For most physical adversarial traffic signs, at an appropriate learning rate, DIP can learn adversarial noise after only a few iterations as a result of the simple features of traffic signs. Clean traffic signs often produce consistent results at different stages of decision-making and exhibit high-frequency characteristics. Physical adversarial traffic signs always go through the process of learning only robust features that can be correctly classified. As a result, decision-making outcomes at different stages often show inconsistencies, which can be used as a basis for the detection of physical adversarial traffic signs.

For the reconstruction of traffic sign images, we consider the decision-making process of the victim classifier in the first 1,000 iterations, selecting three reconstruction stages from this process: ideal robust; transition; non-robust.
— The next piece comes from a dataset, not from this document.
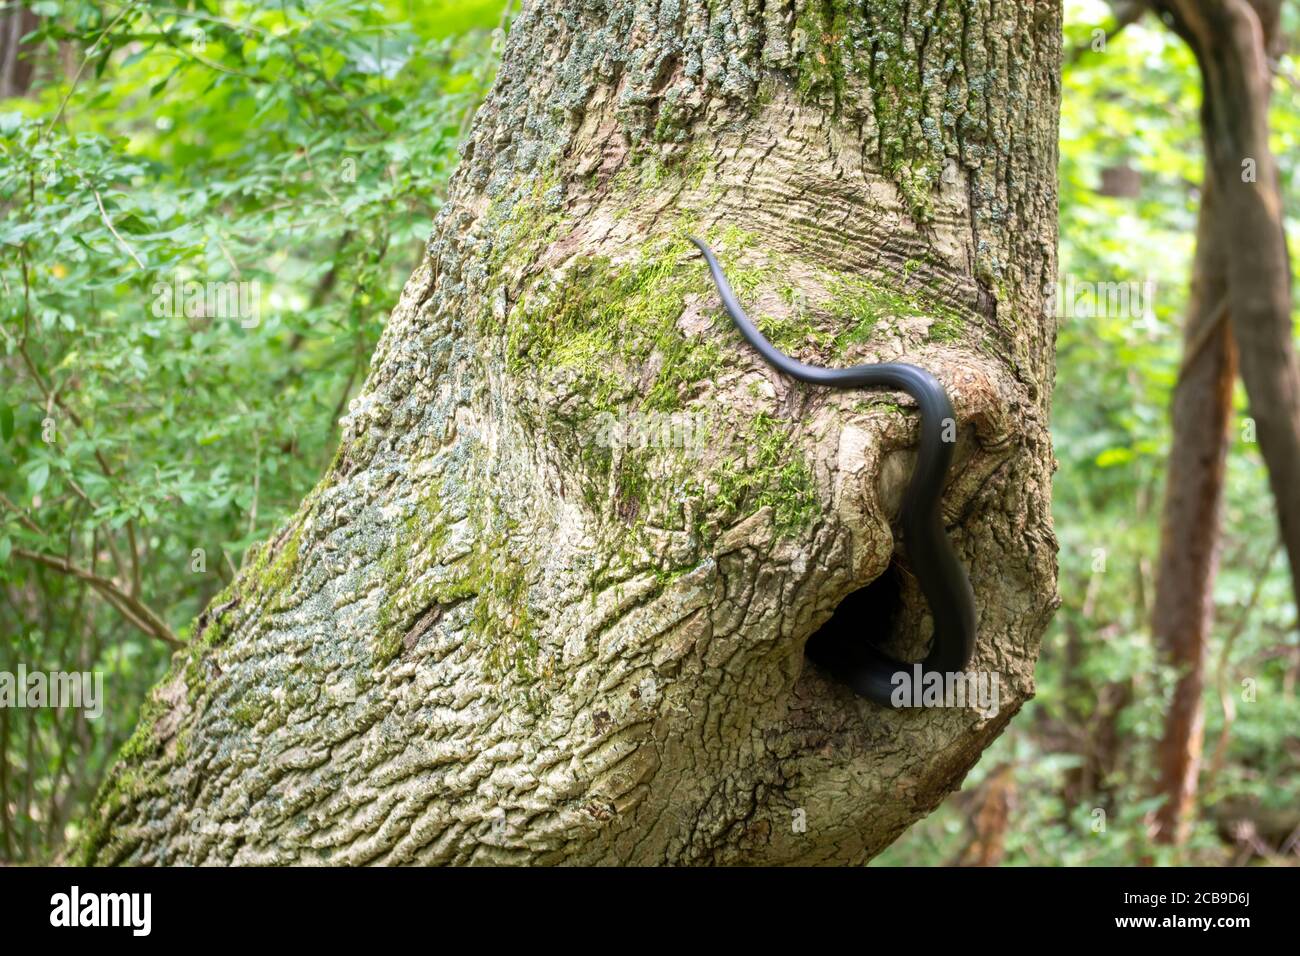 Imagen completa de una serpiente de rata negra del este madura desapareciendo en su casa de árbol hueco. Fondo de bosque verde y textura de corteza rugosa con copia Foto de stock
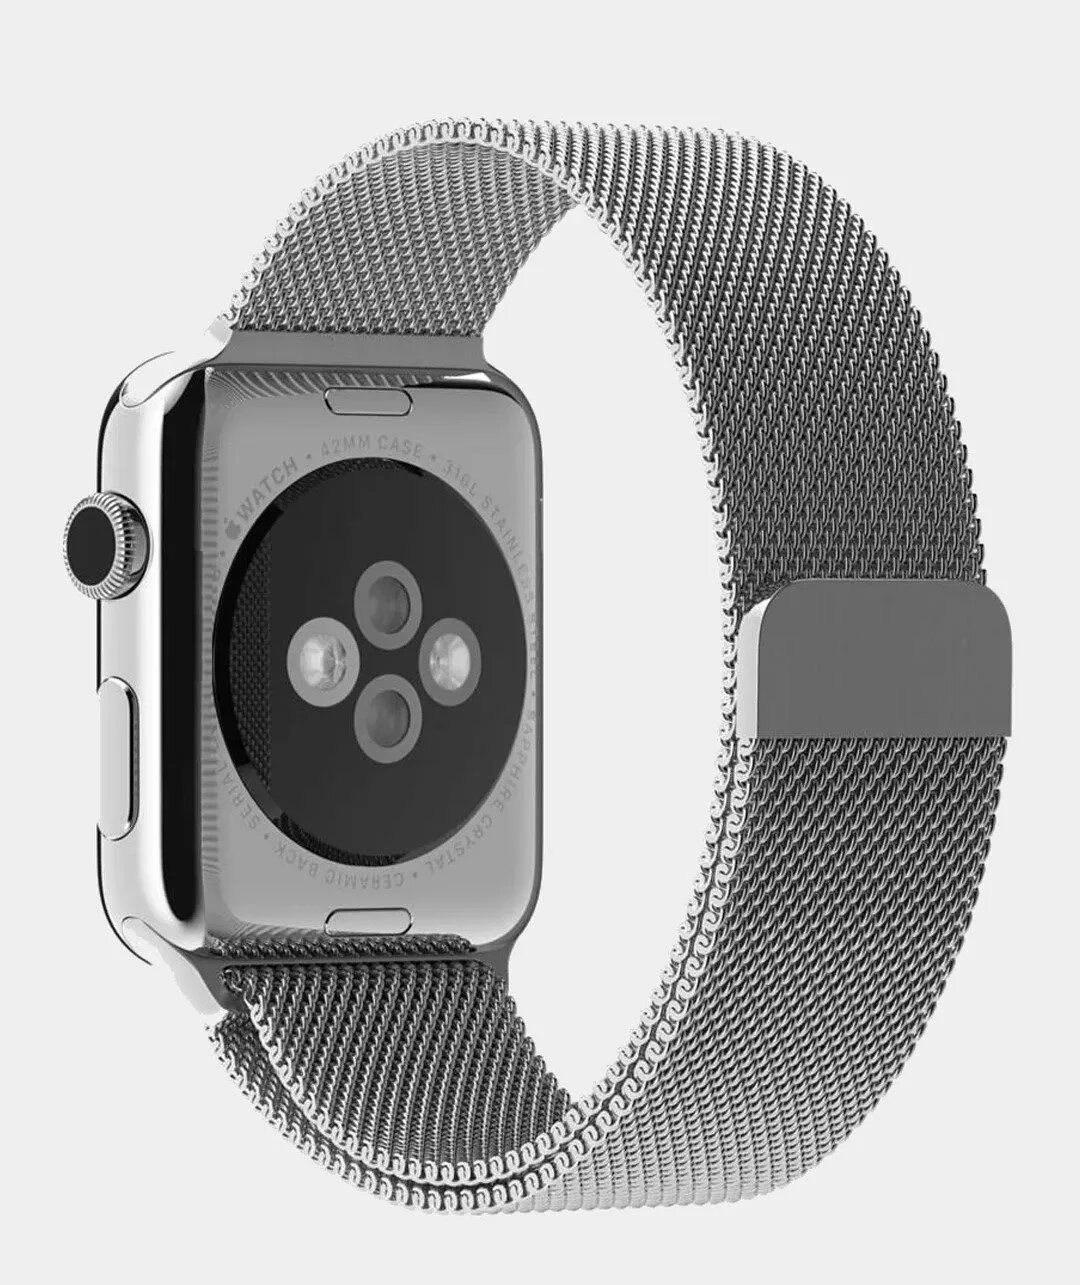 Ремешок Apple 40mm Gold Milanese loop. Ремешок Эппл вотч Миланская петля. Ремешок для Apple watch 38mm. Ремешок Миланская петля для Apple watch.

The selection of several iterations set at different stages is described in the Discussion section.

Ideal Robust Stage

When the number of iterations is small, the classifier’s decision-making process is stable for the first time at this stage albeit with occasional mutations. The reconstructed image already has the characteristics required for the classifier to classify correctly. The decision results at this stage often correspond to the true class of clean or physical adversarial traffic signs.

Non-Robust Stage

This phase corresponds to many iterations, and the classifier’s decision-making process again remains stable. For physical adversarial traffic signs, the reconstructed image has learned the non-robust characteristics of adversarial noise, and the decision results for the classifier at this stage point to adversarial target class.

Transition Stage

The noise intensity of different physical adversarial traffic signs is different. The transition stage is set to balance the selection of parameters for the number of iterations of different adversarial signs in the ideal robust stage and the non-robust stage. In the transition stage, the decision result of the classifier uncertainly points to the real class or the adversarial class.

Our defense consists of two steps: consistency detection; and decision-making. Detection is inferred by the consistency of the decision results for the victim classifier in three stages. If the decision-making results of three stages are consistent at a high frequency, the traffic sign is considered clean and trusted. Here, we add a threshold to the maximum class frequency of the non-robust stage to ensure the reconstructed images have behaved in a stable fashion as adversarial signs. If the decision results are inconsistent, then the traffic signs to be tested are suspicious and the autonomous vehicle could be alerted or a passenger could be requested to intervene. Later in the Discussion section, we also validated the effectiveness of this detection method for other types of physical adversarial traffic signs. In the decision-making phase, according to the preferences of DIP image reconstruction ( 37 ), the generator network learns clean robust features before learning adversarial noise. It is assumed that the process of learning clean robust features has been included in the first two stages. The projection onto the decision-making results in three stages as follows. First, when the decision results of the ideal robust stage and transition stage do not agree, but the decision results of the transition stage and non-robust stage do agree, it is inferred that the true class of the traffic sign is the decision result of the ideal robust stage. Second, when the ideal robust stage agrees with the decision result of the transition stage and disagrees with the decision result of the non-robust stage, it is inferred that the true class of the traffic sign is the result decision made in the ideal robust stage. Third, when the decision results of the three stages are different, this indicates that the generator network has learned adversarial noise in the transition stage and the real class of the traffic sign is the decision result of the ideal robust stage.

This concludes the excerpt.